We compared the demographic and pain-related variables between patients who did versus did not enroll in the study. The findings indicate that participants who did enroll were slightly older (59.4 years vs. 57.8 years), more often male (52.6% vs. 38.6%), and more likely to report non-white race/ethnicity (17.2% vs. 9.7%), compared with participants who were sent introductory letters but did not enroll in the study. There were no differences in enrollment rates based on average daily opioid dose or rate of pain-related diagnoses.

Among participants who enrolled in the study, the average age was 59 years; 47.4% were female. Most participants who enrolled reported white race/ethnicity (82.8%), and 57.1% were currently married or living with a partner. Nearly a quarter of the sample (24%) were currently receiving disability compensation, 29% reported a total household income less than $30,000. The average depression score on the PHQ-8 was 9.5 and 47% had a PHQ score > 10 suggesting high rates of clinically-significant depressive symptoms. As documented in the EMR, 5.8% of the sample had a current alcohol use disorder diagnosis and 4.3% had a diagnosis of a current substance use disorder. The largest proportion of participants (38.5%) were prescribed opioid doses between 5 and 20 mg daily MED (Low Dose Group); slightly fewer (36.8%) were prescribed 20.1 – 50 mg daily MED (Moderate Dose Group), and the reminder (24.8%) were prescribed more than 50 mg daily MED (Higher Dose Group).
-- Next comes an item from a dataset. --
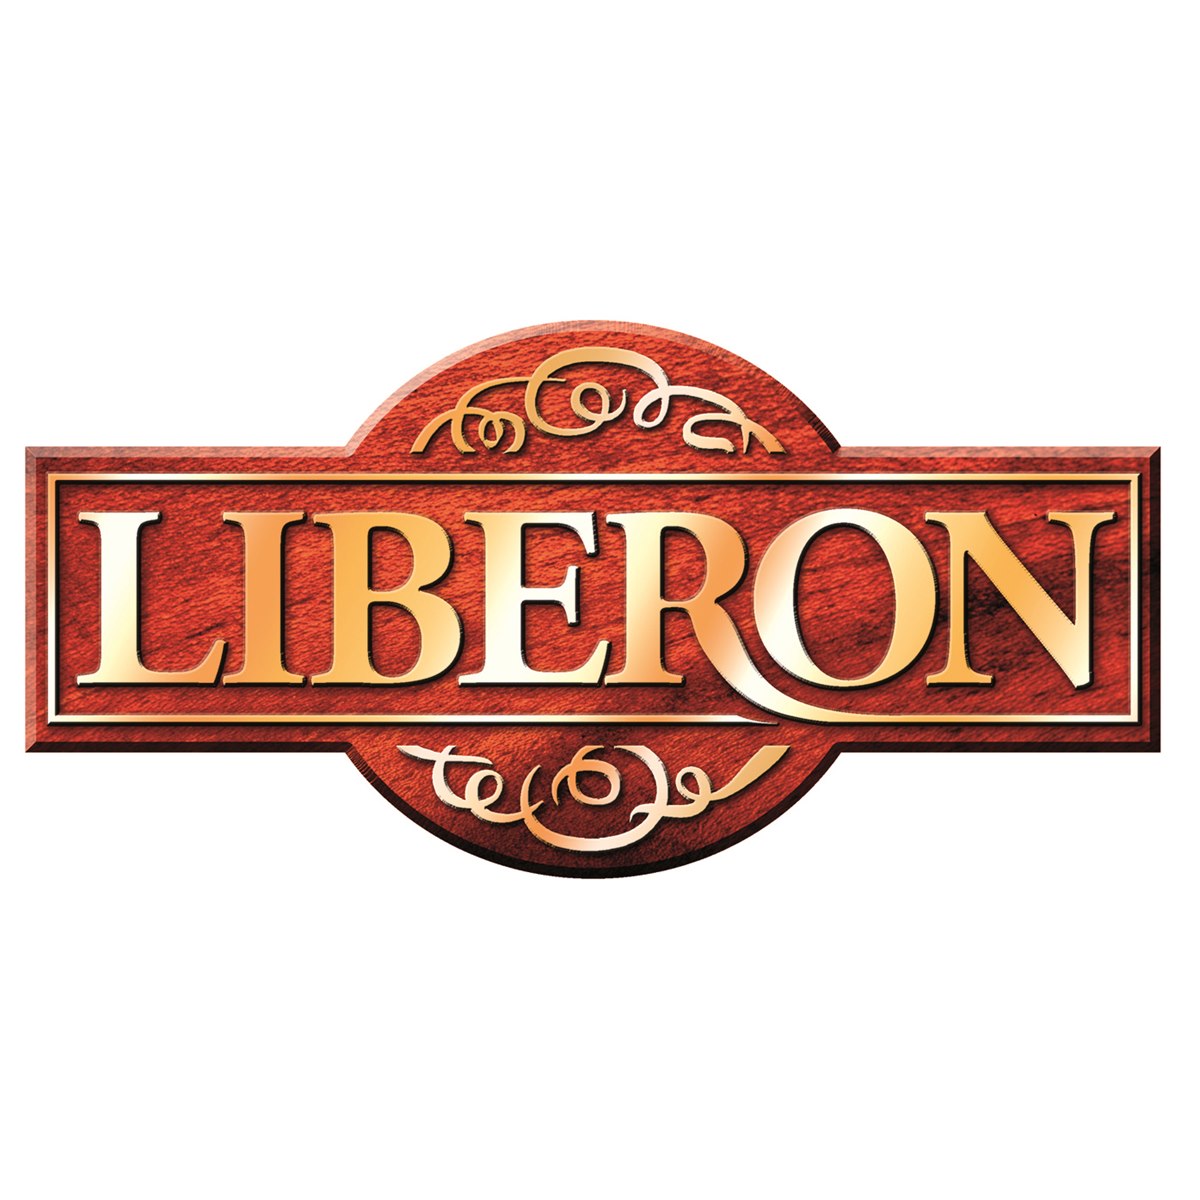 Where to buy Liberon Furniture Wax

The only demographic characteristic that significantly differed among the three dose-defined groups was working status. Participants in the Low Dose Group were significantly more likely to be currently working (41.2%) or retired (38.2%), whereas participants in the Moderate Dose and Higher Dose Group were more likely to be receiving disability benefits (31.1% and 29.7%, respectively). Participants in the Low Dose Group had the lowest rates of past-year arthritis diagnoses; rates of other musculoskeletal diagnoses did not show significant trend across the three dose groups. Based on diagnostic data from the EMR, there was a statistically significant trend for higher rates of depression and substance use disorders among patients in the Higher Dose group. No significant trend was observed on rates of other past-year psychiatric disorders. See Table 1 for a full summary of demographic characteristics and diagnostic data, based on average daily MED.

Table 1.

Comparison of demographic characteristics and EMR-derived diagnoses based on prescription opioid dose.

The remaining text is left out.